Il giornalista della BBC Edward Lawrence è stato «picchiato e preso a calci dalla polizia» prima di essere detenuto mentre copriva una protesta contro il confino per le proteste del COVID-19 in Cina.
L’emittente si è detta «profondamente preoccupata» dopo aver confermato che il cameraman «è stato attaccato» a Shanghai domenica, mentre le immagini diffuse sui social media mostravano agenti di polizia che trascinavano il giornalista ammanettato per terra.
«La BBC è profondamente preoccupata per il trattamento riservato al nostro giornalista Ed Lawrence, che è stato arrestato e ammanettato mentre copriva le proteste a Shanghai», ha dichiarato un portavoce della BBC.
L’emittente ha aggiunto che Lawrence, ora rilasciato, è stato trattenuto per diverse ore. «Durante la detenzione è stato picchiato e preso a calci dalla polizia. È successo mentre lavorava come giornalista accreditato», ha dichiarato il portavoce della BBC.
«È molto preoccupante che uno dei nostri giornalisti sia stato attaccato in questo modo mentre svolgeva il suo lavoro», ha aggiunto il portavoce, parlando con l’emittente britannica LBC.
La BBC ha criticato il fatto che l’emittente non abbia ricevuto alcuna spiegazione ufficiale o scuse dalle autorità, «al di là di una dichiarazione dei funzionari secondo cui era stato arrestato per il suo bene, nel caso avesse contratto il coronavirus tra la folla».
«Non riteniamo che questa sia una spiegazione credibile», ha dichiarato il portavoce dell’emittente.

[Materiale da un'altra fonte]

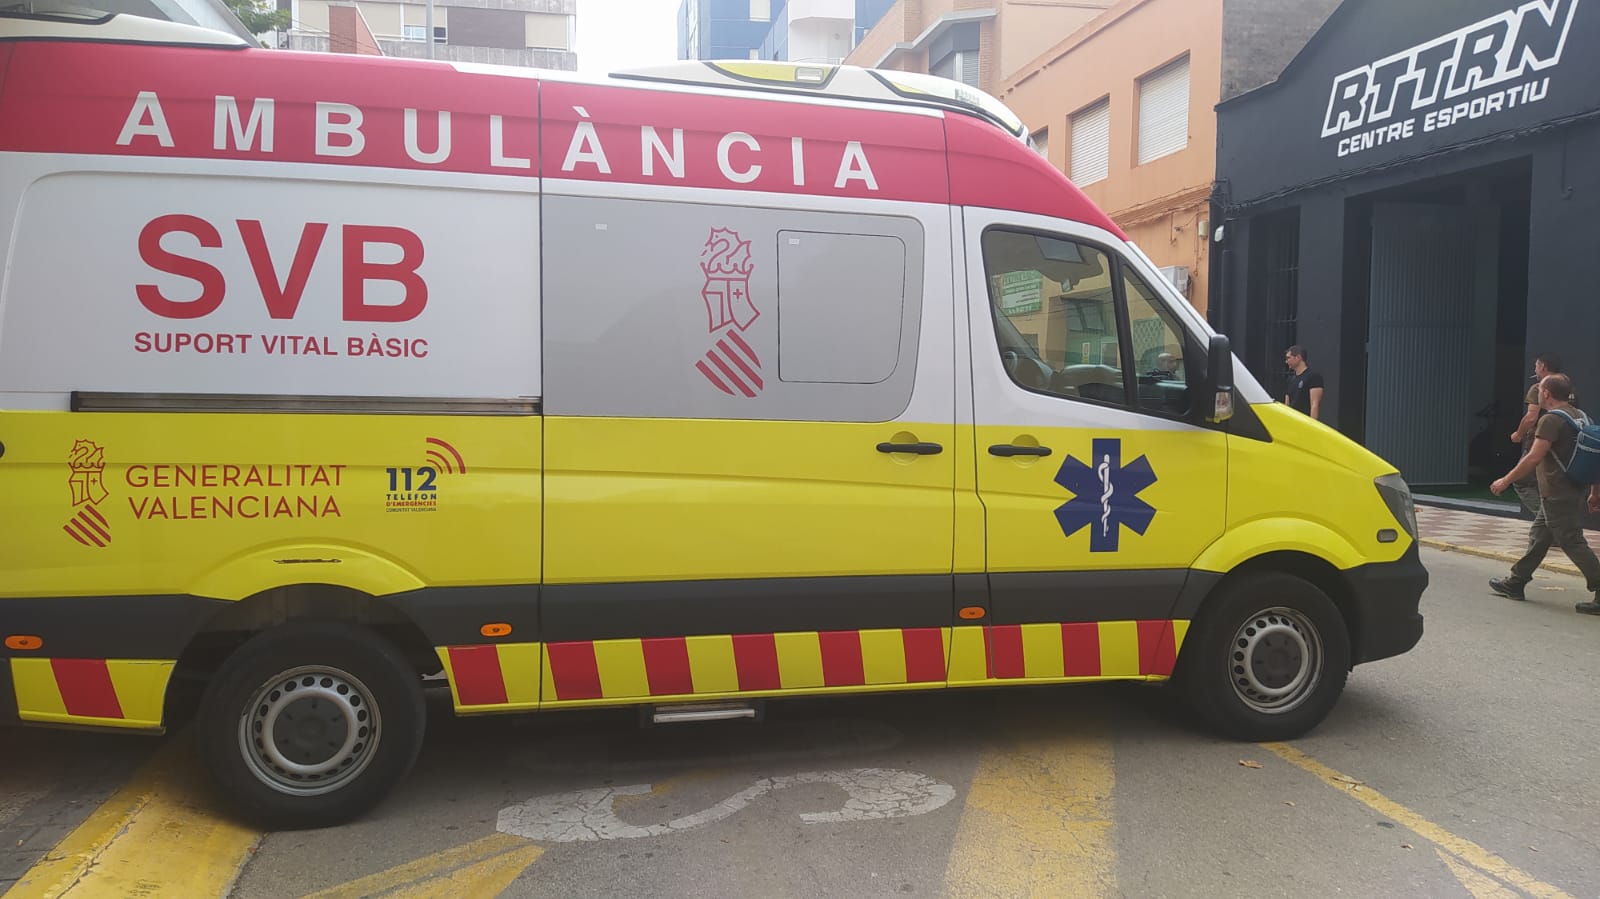 El centro de salud de Tavernes de la Valldigna contará con ambulancia de SVB las 24 horas

Lawrence, che lavora per l’azienda nella sede centrale di Pechino, si è recato a Shanghai per le proteste di massa in città.
Secondo quanto riportato dallo stesso giornalista sul suo profilo Twitter, la polizia ha bloccato le strade e non ha lasciato passare le persone dopo l’aumento della folla.

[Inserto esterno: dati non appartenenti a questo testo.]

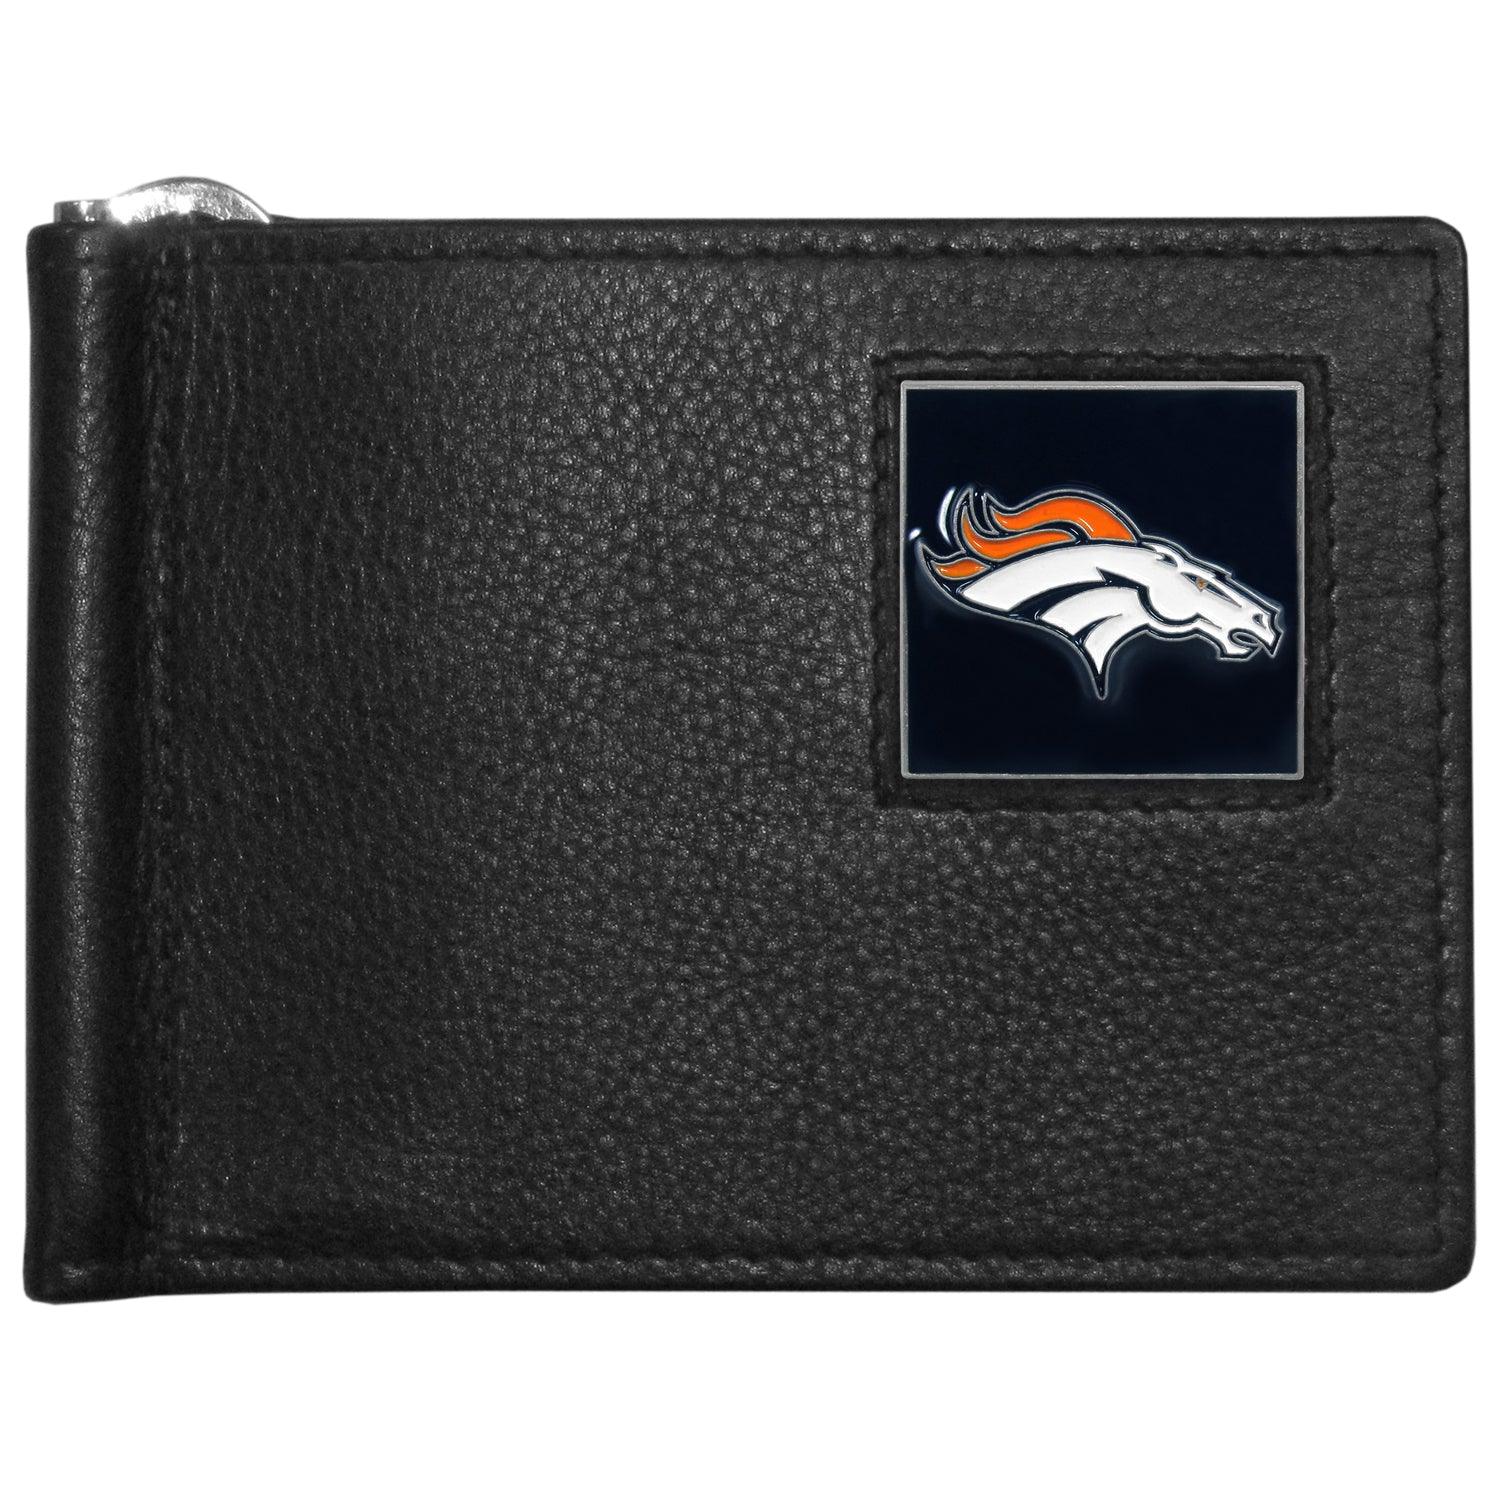 Denver Broncos Leather Bill Clip Wallet - Flyclothing LLC

«Ho visto la polizia arrestare tre persone, due delle quali hanno affrontato gli agenti. C’è una tensione silenziosa fino a quando una persona non grida, poi la folla canta e applaude in segno di sostegno», ha spiegato, dopo aver sottolineato che le proteste sono state pacifiche con molti controlli da parte della polizia.
Da venerdì, i residenti in Cina hanno inscenato diverse proteste in diverse città del Paese per le misure imposte contro il coronavirus nell’ambito della cosiddetta politica «COVID Zero» attuata da Xi Jinping.
Il numero di infezioni da coronavirus ha raggiunto un livello record nel Paese, con oltre 40.000 persone infettate.